■ What this task involves ■
Exact repetition of a range: find the line containing "Ary Diaz's show" and the line containing "La encina (Quercus" in the material below, then repeat both and all lines between them, leaving pictures out.

■ Data excerpts ■
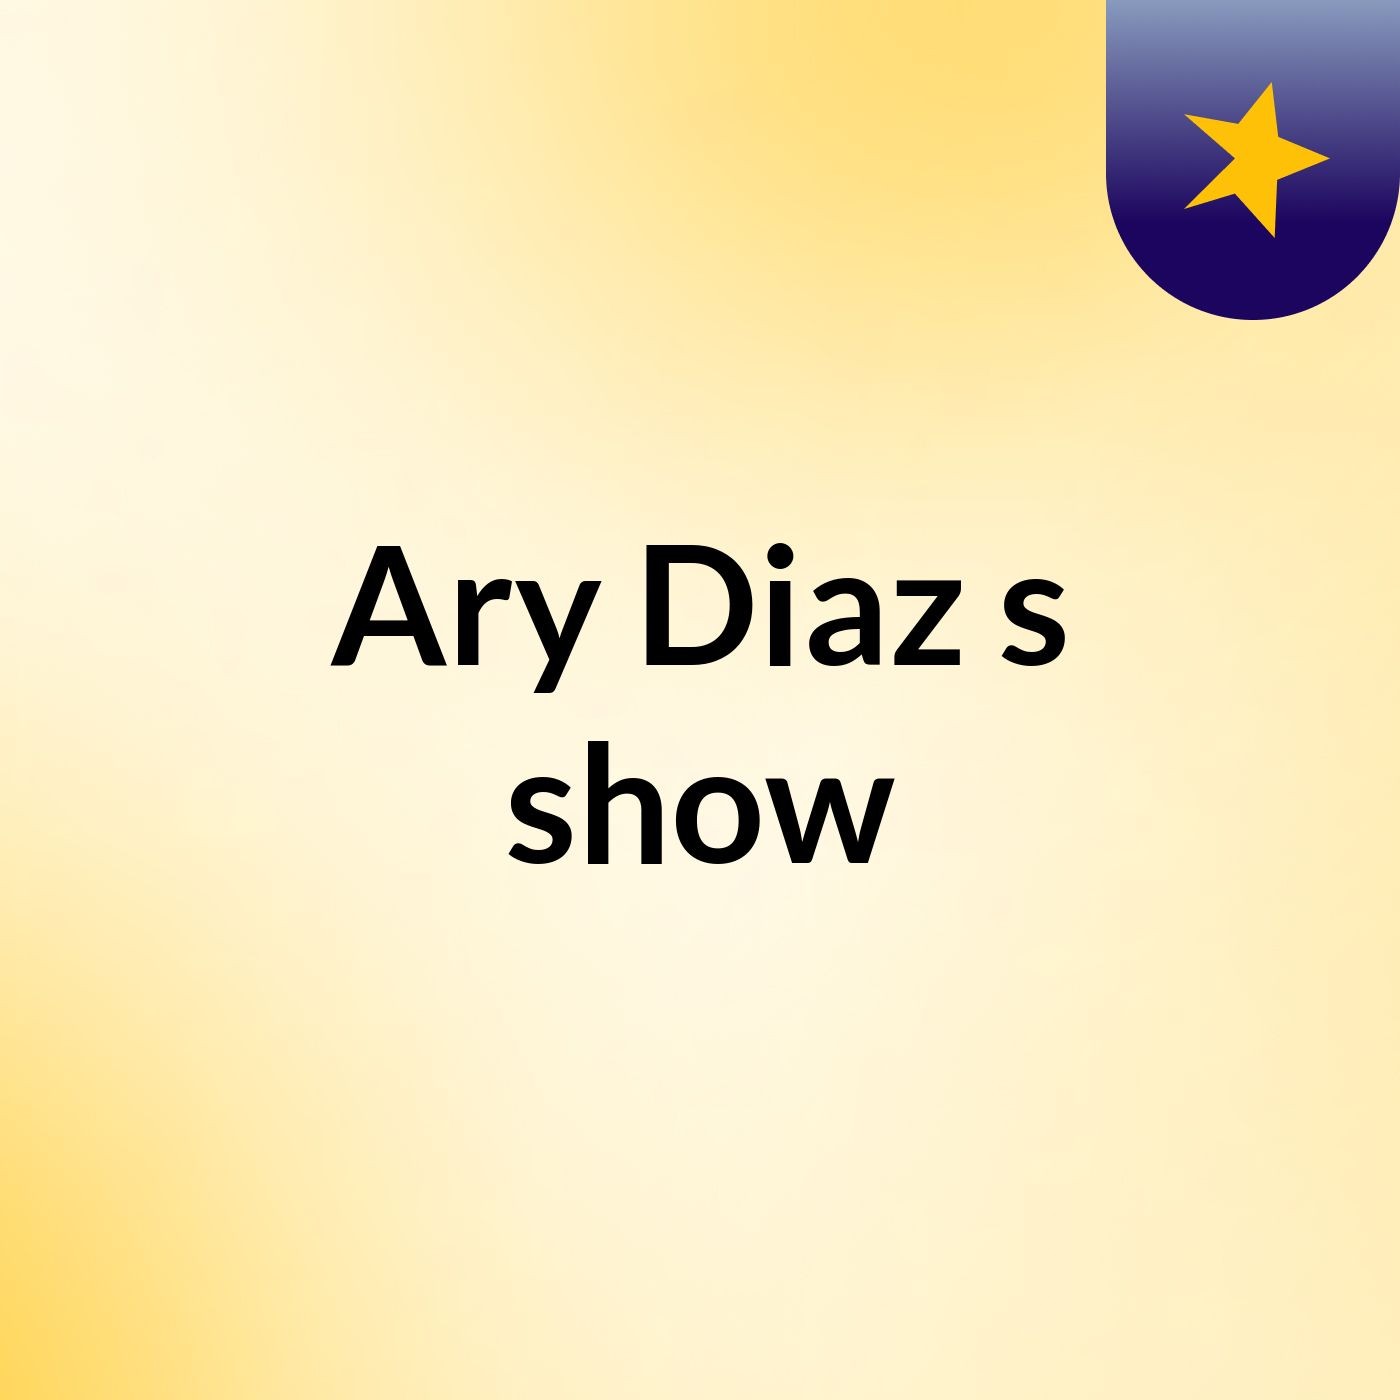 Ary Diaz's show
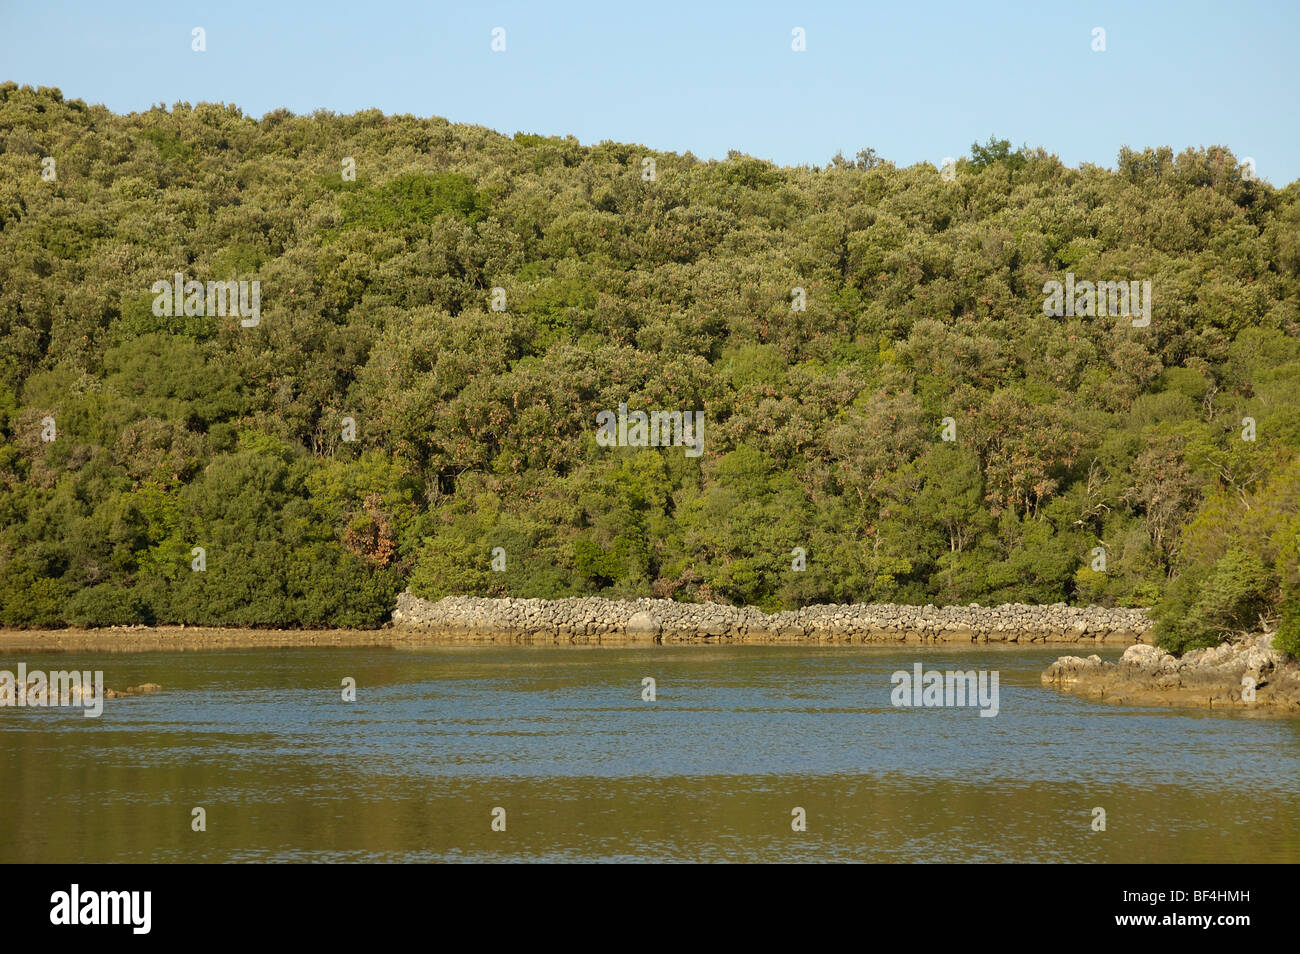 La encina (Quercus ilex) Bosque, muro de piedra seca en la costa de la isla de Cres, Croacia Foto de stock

* * *

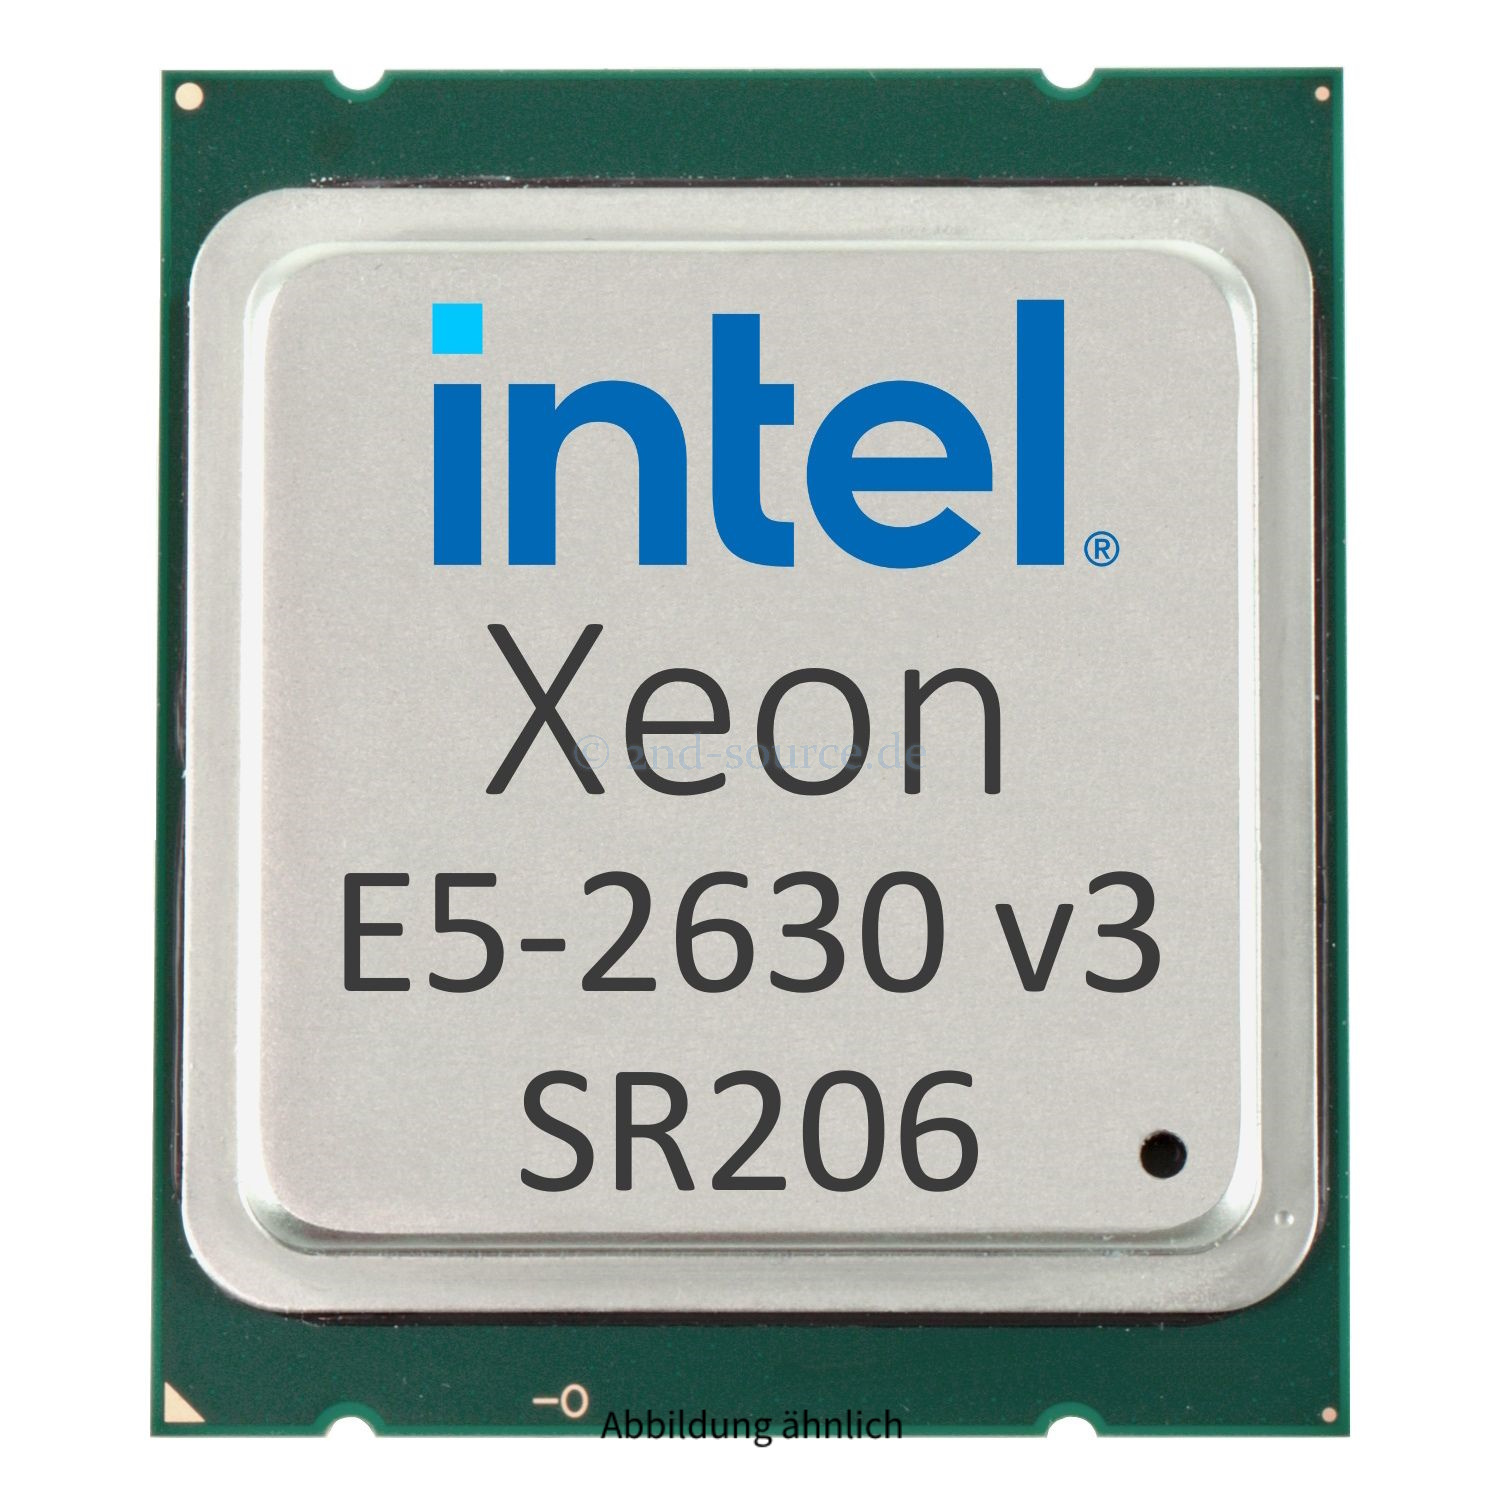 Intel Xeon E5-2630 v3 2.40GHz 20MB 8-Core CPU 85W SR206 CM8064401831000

■ Response box ■
 Ary Diaz's show
 La encina (Quercus ilex) Bosque, muro de piedra seca en la costa de la isla de Cres, Croacia Foto de stock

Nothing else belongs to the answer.